TORONTO - The national real estate market may seem to resemble a battleground, but a new survey suggests most Canadians would prefer not to go to war.

Three quarters of respondents from an online survey done by the Bank of Montreal suggested they would walk away from a promising property purchase rather than get roped into a bidding war that could raise the ante well beyond what they're prepared to pay.

Even among the 25 per cent willing to lock horns with other buyers, most would prefer to keep the grappling to a minimum. Half of respondents willing to engage in a bidding war said they'd draw the line at paying more than 10 per cent above the asking price. A further 25 per cent set their upper limit at 20 per cent over asking.

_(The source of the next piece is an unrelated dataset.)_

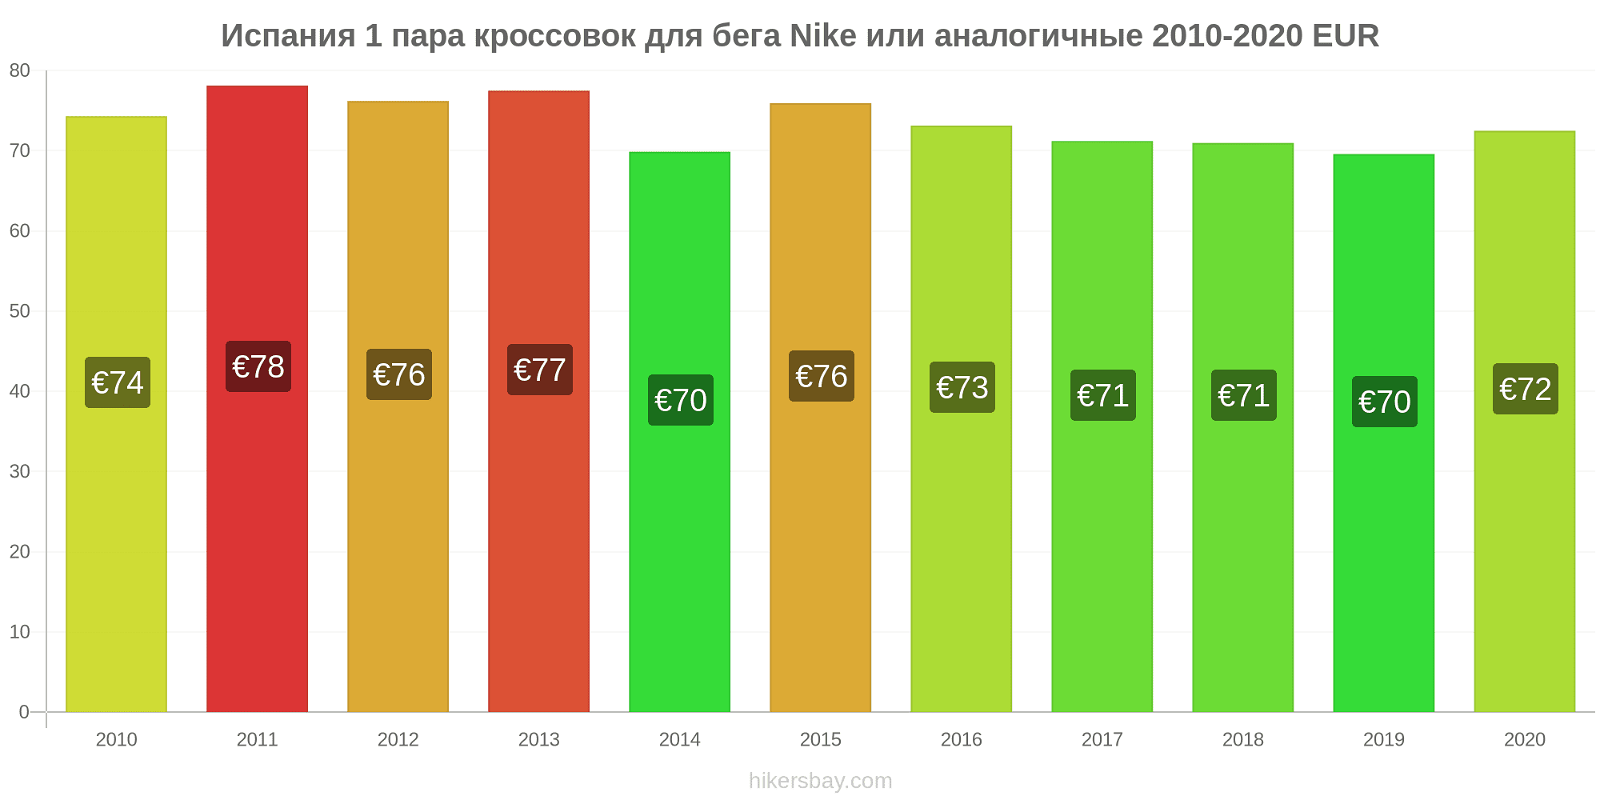 Испания изменения цен 1 пара кроссовок для бега Nike или аналогичные hikersbay.com

Prospective homebuyers and realtors agree, however, that all bets are off in the country's most competitive markets.

Ariel Brewster, 28, has spent the past nine months with her fiance combing Toronto for a modest fixer-upper that can be partially converted into rental space.

Twice they've submitted an offer based on an agent's appraisal of its value, but they've been outbid by as high as $100,000.

The notion of securing a home without a bruising bidding war sometimes seems utterly alien in a market widely recognized as one of the hottest in the country.

"You're not paying for what you bought, you're paying to win," Brewster said.

Canada's housing market is enjoying a particularly robust period, according to the Canadian Real Estate Association. Sales activity in March reached a new high not registered since April 2010, with Toronto, Calgary and Edmonton leading the surge.

Prices in Toronto have kept pace with its booming sales, rising 11 per cent in the past year to an average of $504,000, well above the national average of $369,000.

Vancouver, another market that has enjoyed brisk sales activity despite a recent cooloff, currently boasts an average home price of nearly $762,000, according to BMO.

Chris Simmons, a Vancouver-based broker with Royal LePage Real Estate, said bidding wars are commonplace in the heart of the city. A colleague recently fielded 32 offers on a single property, he said, and multiple bids are virtually inevitable in any market skewed in favour of a seller.

"No buyer wishes to be in a bidding war, that's the last place you wish to be, however in a seller's market, unfortunately . . . it would be surprising if you weren't."

Despite the constant temptations, Brewster is determined to stick to her strategy of measured, conservative bids.

Couples who try to enter the market without fixed goals in place, she said, will face a rude awakening when they witness the cutthroat conditions among their fellow buyers.

"I see a lot of couples who are newer to the search who are just going through the house and . . . planning where the couch is going to go, basically, and I kind of shake my head a little bit because I don't think they have any idea how much they'll have to pay to get this house. It's kind of that attitude that creates the inflated prices."

The BMO survey found Respondents in Ontario, Manitoba and Saskatchewan were the most likely to agree to pay above asking price. Those surveyed in Quebec and Atlantic Canada were the least likely to participate in a home bidding war.

A survey of this type is considered accurate within 3.1 percentage points, 19 times out of 20 _ although regional breakdowns are less accurate.

The survey was conducted March 19 to March 22.